§ **Input data**

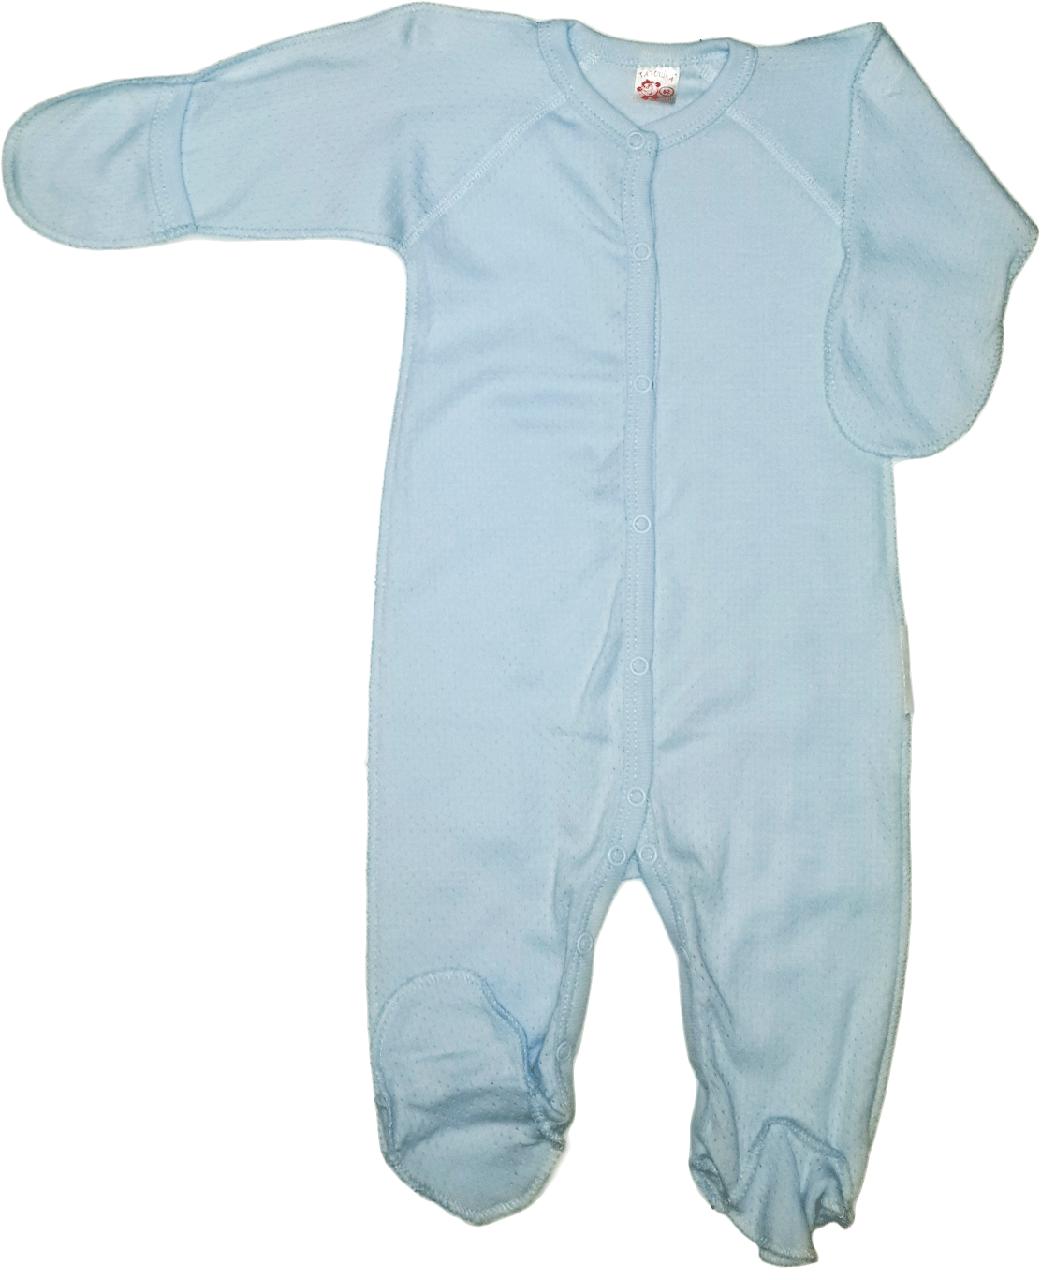 Комбинезон человечек для мальчика Татошка 151153 голубой с антицарапками без капюшона размер 62
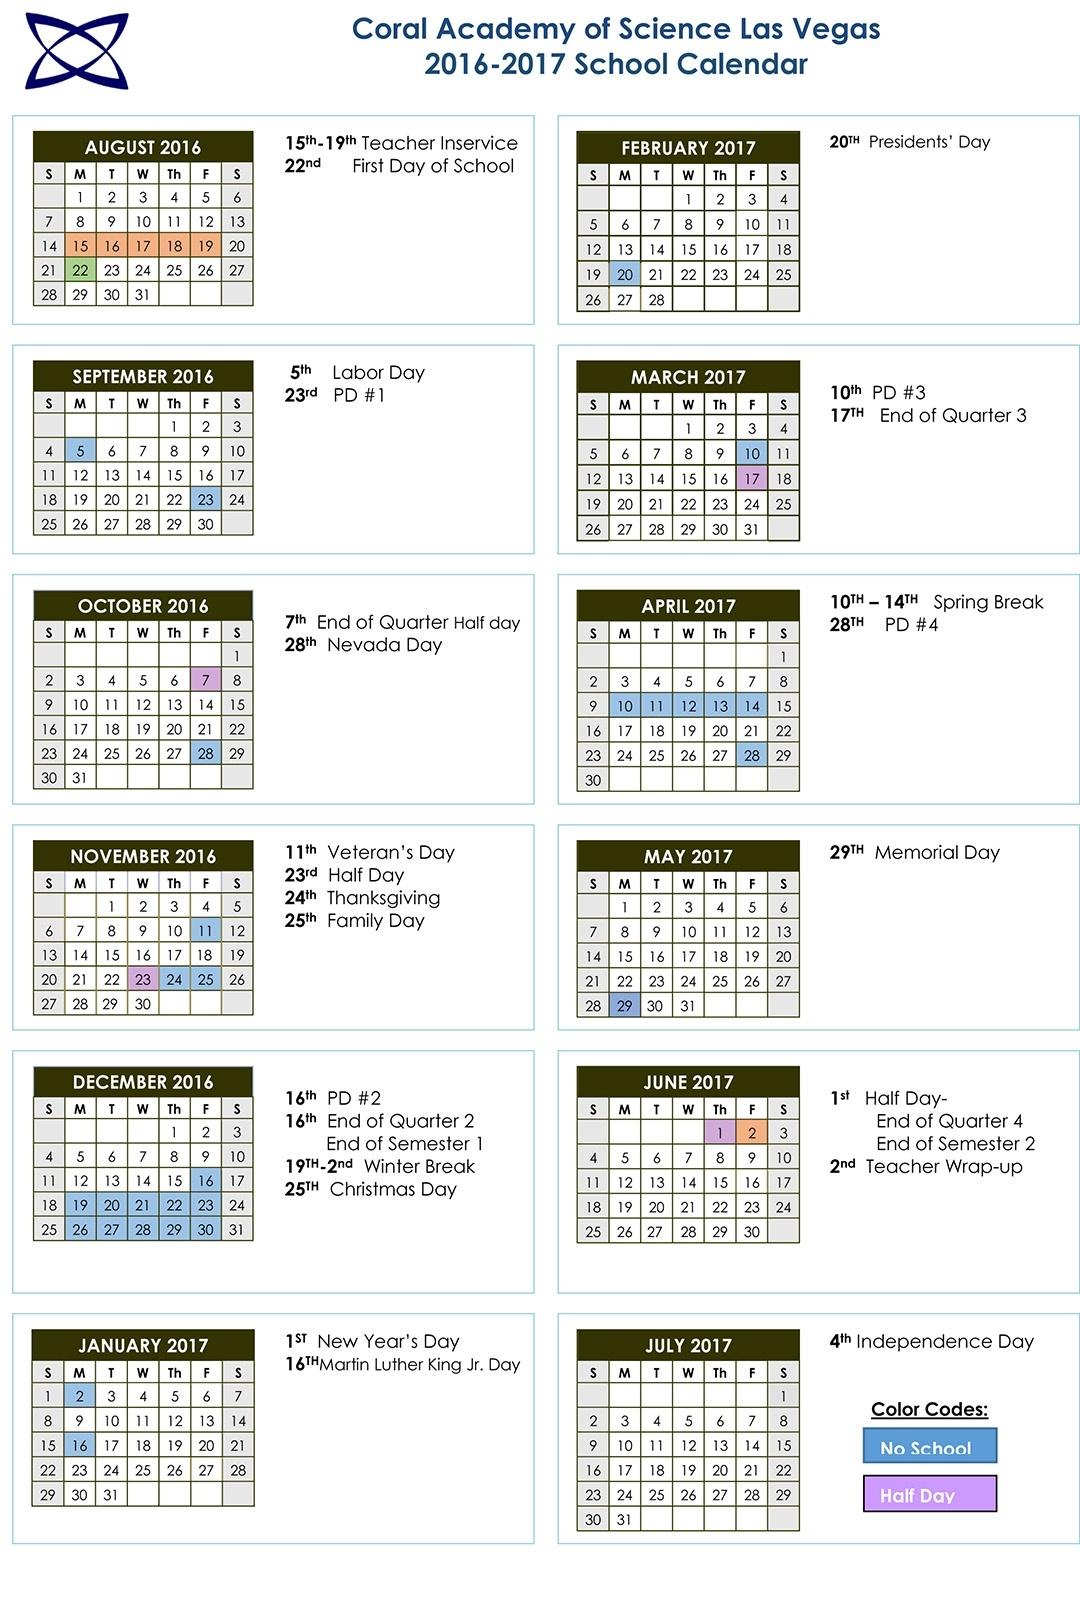 School Calendar 2016-2017 | Coral Academy Of Science Las Vegas_School Calendar Las Vegas
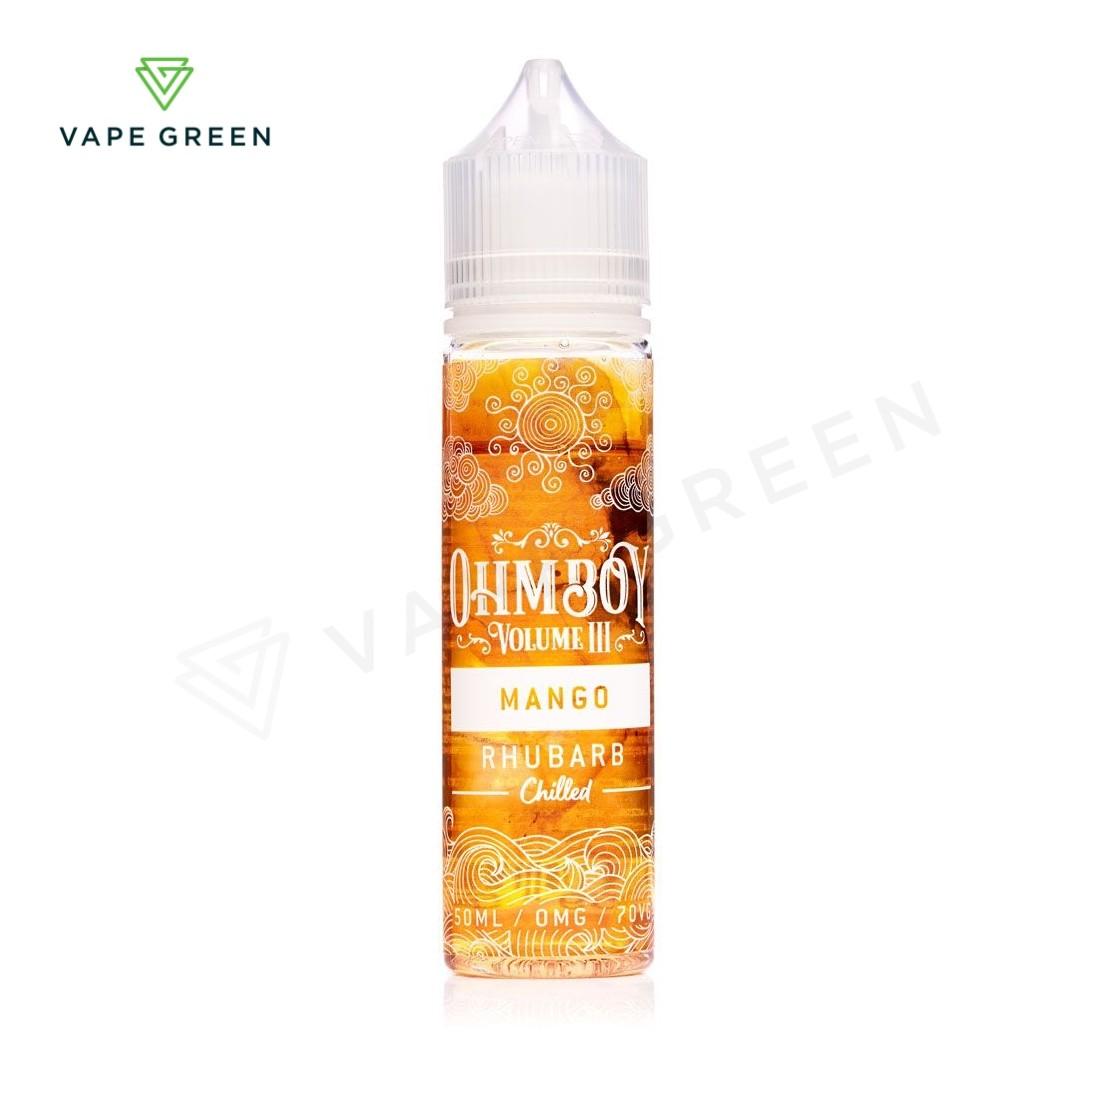 Mango Rhubarb E-liquid by Ohm Boy Volume III 50ml

§ **Description of the task**
Starting at the line that contains "School Calendar 2016-2017", extract each line through the last line of the material exactly as written, and include no pictures.

§ **Response to this exercise**
 School Calendar 2016-2017 | Coral Academy Of Science Las Vegas_School Calendar Las Vegas
 Mango Rhubarb E-liquid by Ohm Boy Volume III 50ml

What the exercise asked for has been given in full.